A false positive is a request that a real user legitimately made, blocked or flagged because it happened to match a security check. Every web application firewall produces them, and in F5 AWAF - Advanced WAF (formerly BIG-IP ASM - Application Security Manager) they are the single biggest source of operational friction: the most common WAF deployment failure is going straight to blocking mode, where every false positive breaks a workflow, generates a helpdesk ticket, and erodes confidence in the WAF before it has proven its worth. Handling them well is less about turning things off than about triaging correctly and tuning with scope.
The violation rating is your triage signal
Advanced WAF assigns each transaction a violation rating from 1 to 5, based on the combination of violations in that transaction and their impact, not on any single violation in isolation, because real attacks tend to stack several violations at once. That rating tells you how to treat a suspected false positive, and F5 builds the blocking behavior around it.
Ratings of 4 or 5 are most likely real attacks, and the system blocks them even when every detected violation has its Block flag off. For these you should clear the learning suggestion without changing the policy: relaxing to accommodate a rating-5 request would be relaxing to accommodate an attack. Ratings of 1, 2, and 3 are not blocked by default, precisely to reduce false positives. A rating of 3 sits on the fence and needs to be reviewed in the event log before you decide. Ratings of 1 and 2 are the ones that are usually genuine false positives, and if you confirm the request is legitimate you can accept the learning suggestion or apply a scoped fix. A small set of the most severe violations are unlearnable and always rated 5, so there is never anything to accept for those.
Staging changes what "blocked" means
Before you tune anything, check whether the offending check is actually enforcing. A signature in staging logs its matches but does not block, and a policy in Transparent mode blocks nothing at all. In both cases what looks like a false positive is a learning signal rather than a broken user experience, which is exactly the point of staging: new or problematic signatures belong in staging for one to two weeks of production traffic so you can find their false positives before they can block anyone. The disciplined pipeline moves a signature Staging to Alarm to Blocking as confidence grows, which is also how you avoid a wave of false positives when you switch a policy from Transparent to Blocking.
Tune with scope, never policy-wide
Once you have confirmed a genuine false positive, the correct fix depends on the violation, and all of the good options share one property: they are scoped to the specific URL or parameter, not the whole policy. Disabling a signature or a violation policy-wide trades one false positive for a blind spot on every other URL, which is how a tuning session quietly becomes a security regression.
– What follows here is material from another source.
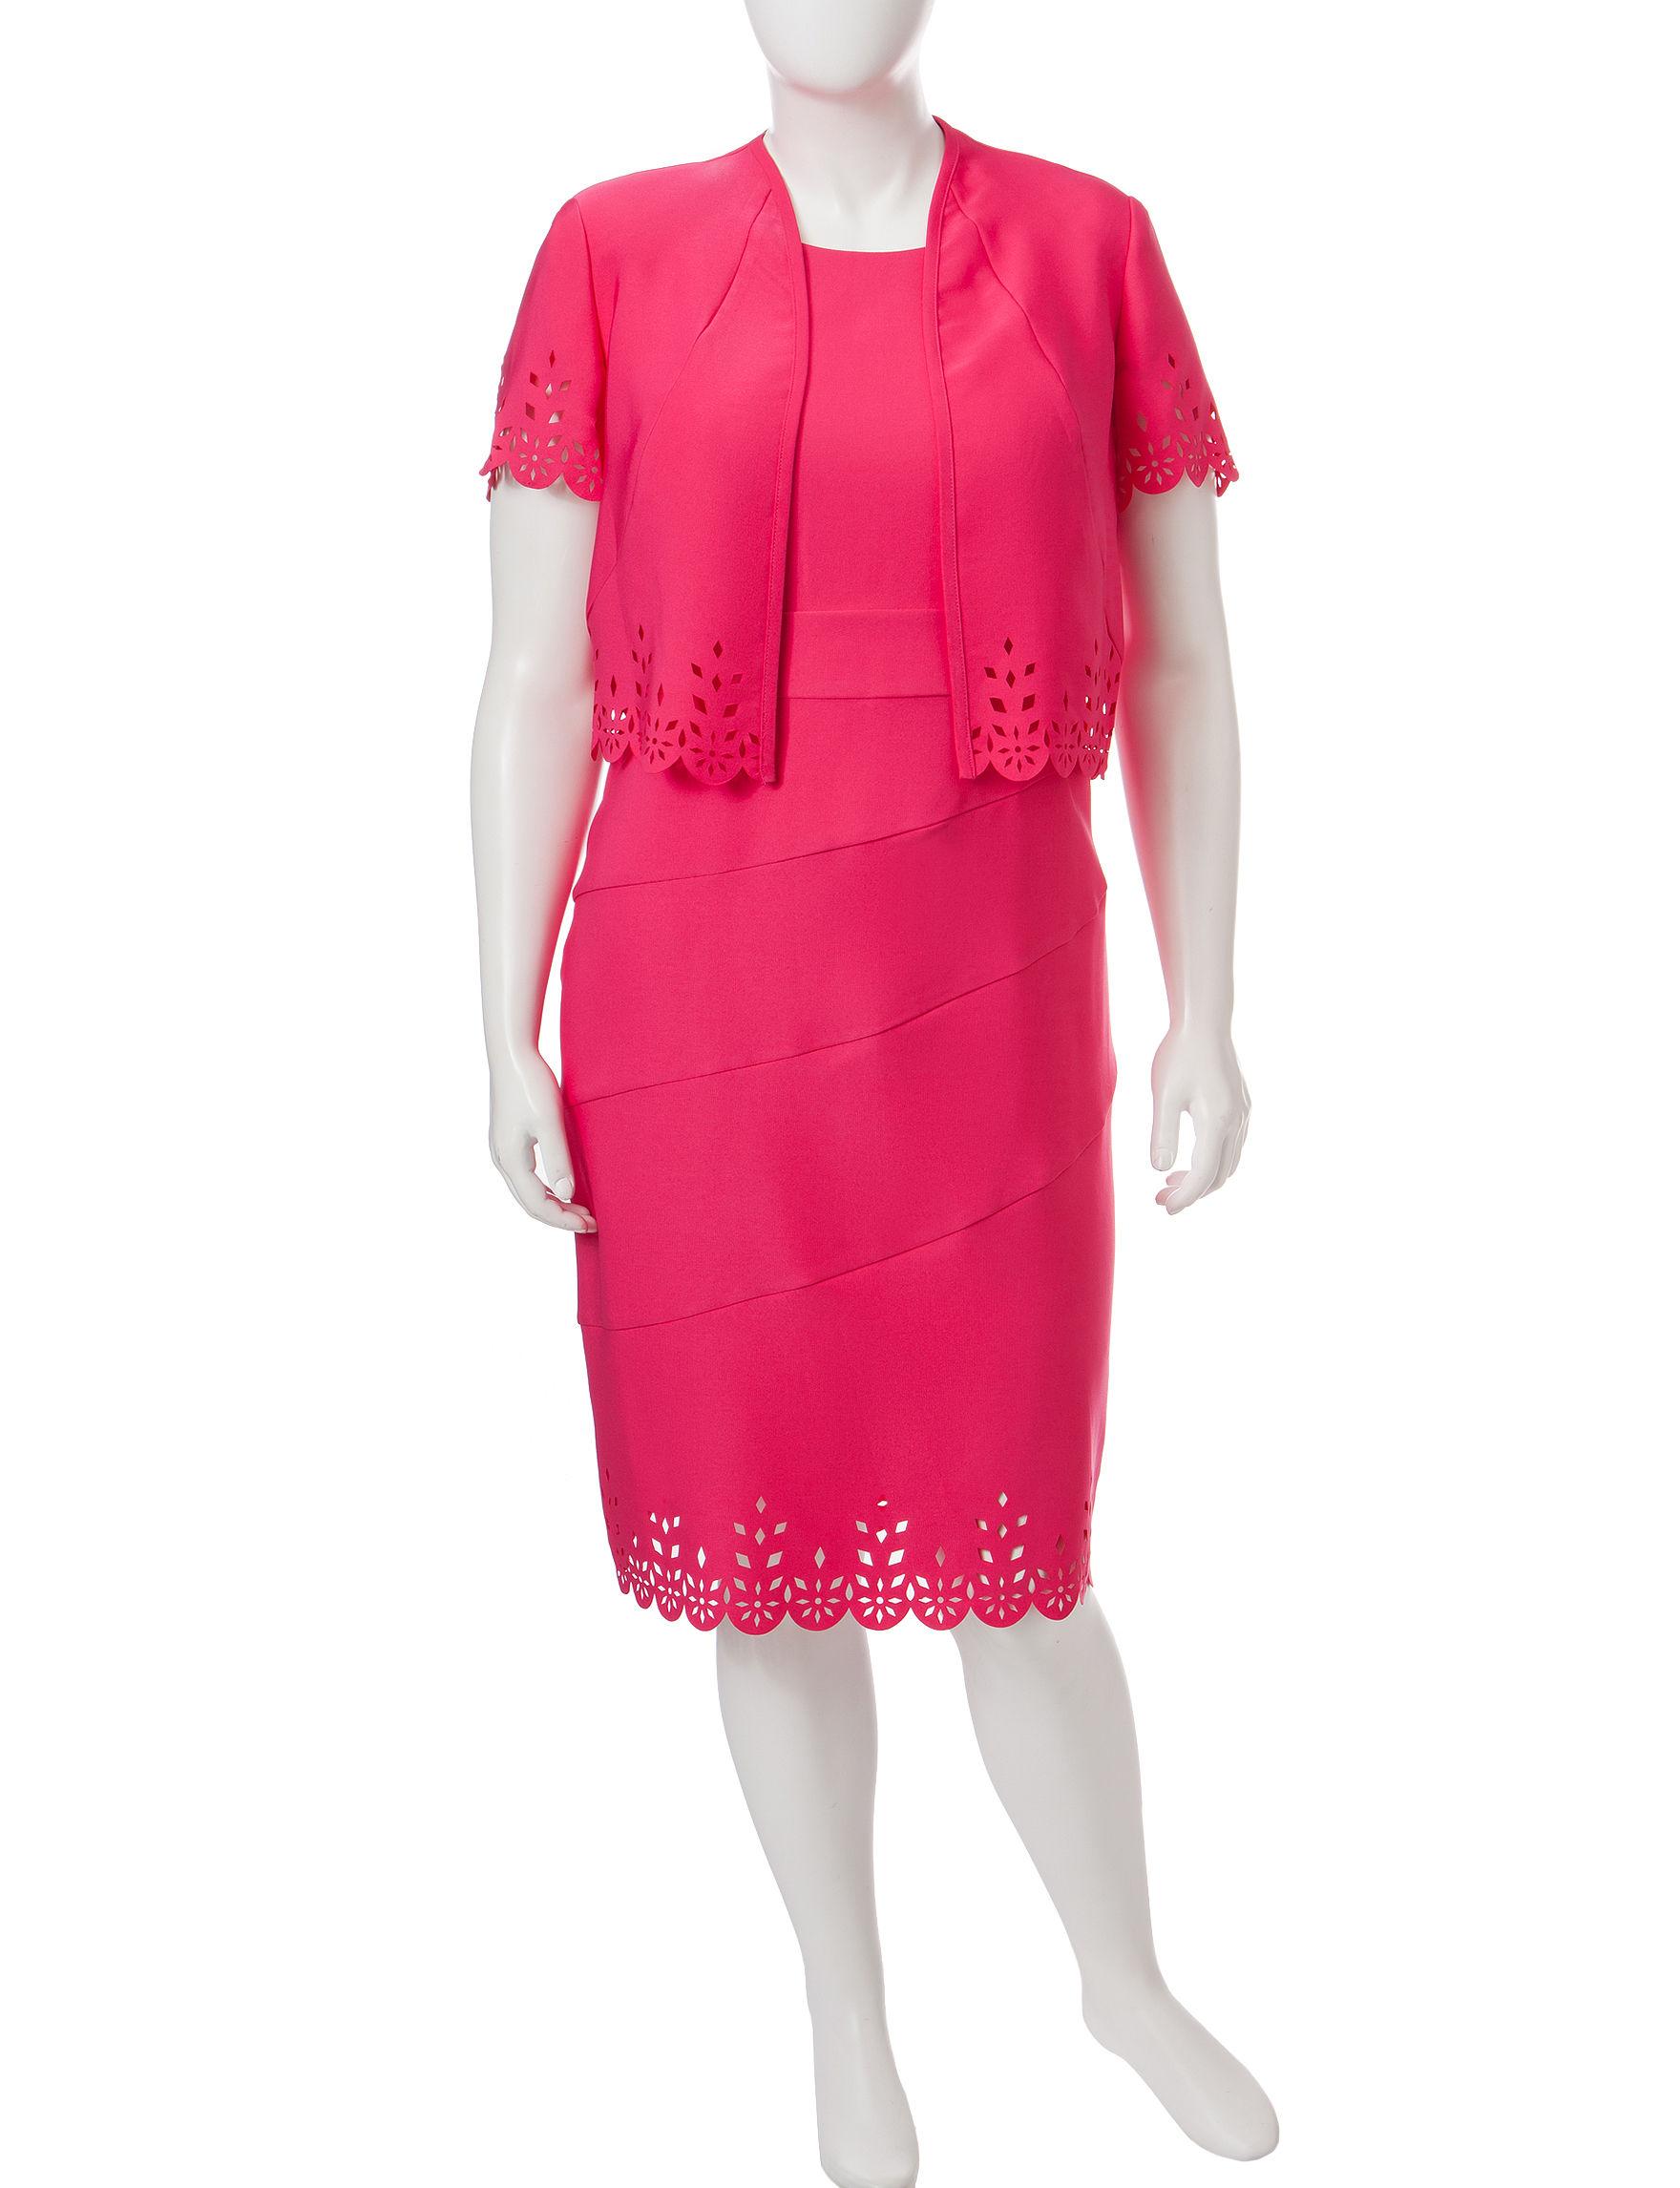 Dana Kay Hot Pink Cocktail & Party Jacket Dresses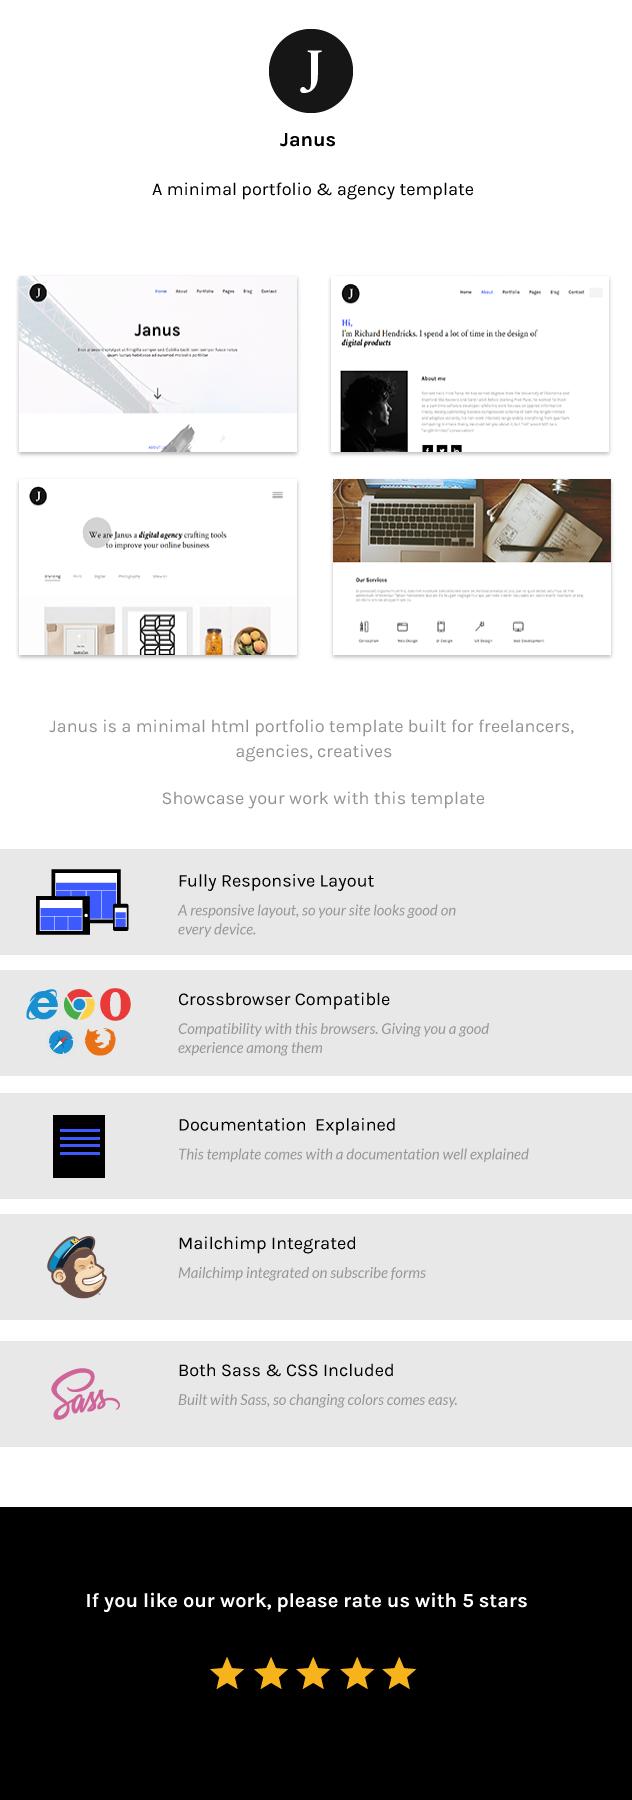 Janus - A minimal portfolio and agency template - 1

For an attack signature that misfires, disable that signature on just that URL or parameter, or add the URL or parameter as an allowed entity so the check is bypassed only there, or enable Potential False Positive Detection and let the system decide by traffic similarity, treating requests like the majority as benign and flagging the outliers that real attacks produce. For an illegal meta character, add the character to the allowed set of that parameter, value, or URL. For an illegal parameter, URL, or file type, add the entity to the allowed list. For a length violation, raise the specific limit to fit legitimate traffic. Uploaded files routinely trip signatures, and the clean fix is to declare the upload parameter with value type user-input and data type file upload so its binary content is not scanned as text. Signatures firing inside XML or JSON payloads are best handled by attaching the matching content profile so the structure is parsed and the checks apply appropriately. Cookie violations deserve a second look, because a modified cookie is usually real tampering rather than a false positive.
The one rule to keep
Every technique above is bounded by a single discipline that F5 states plainly: relax the policy only where a false positive actually occurred, and never where a real attack caused the violation. The violation rating exists to help you tell those two cases apart, and the scoped fixes exist so that correcting one does not weaken the other. The triage tool on this site puts F5's rating logic and the scoped remediation for each violation category in one place, so a false positive becomes a decision you can make deliberately rather than by reflexively clicking accept.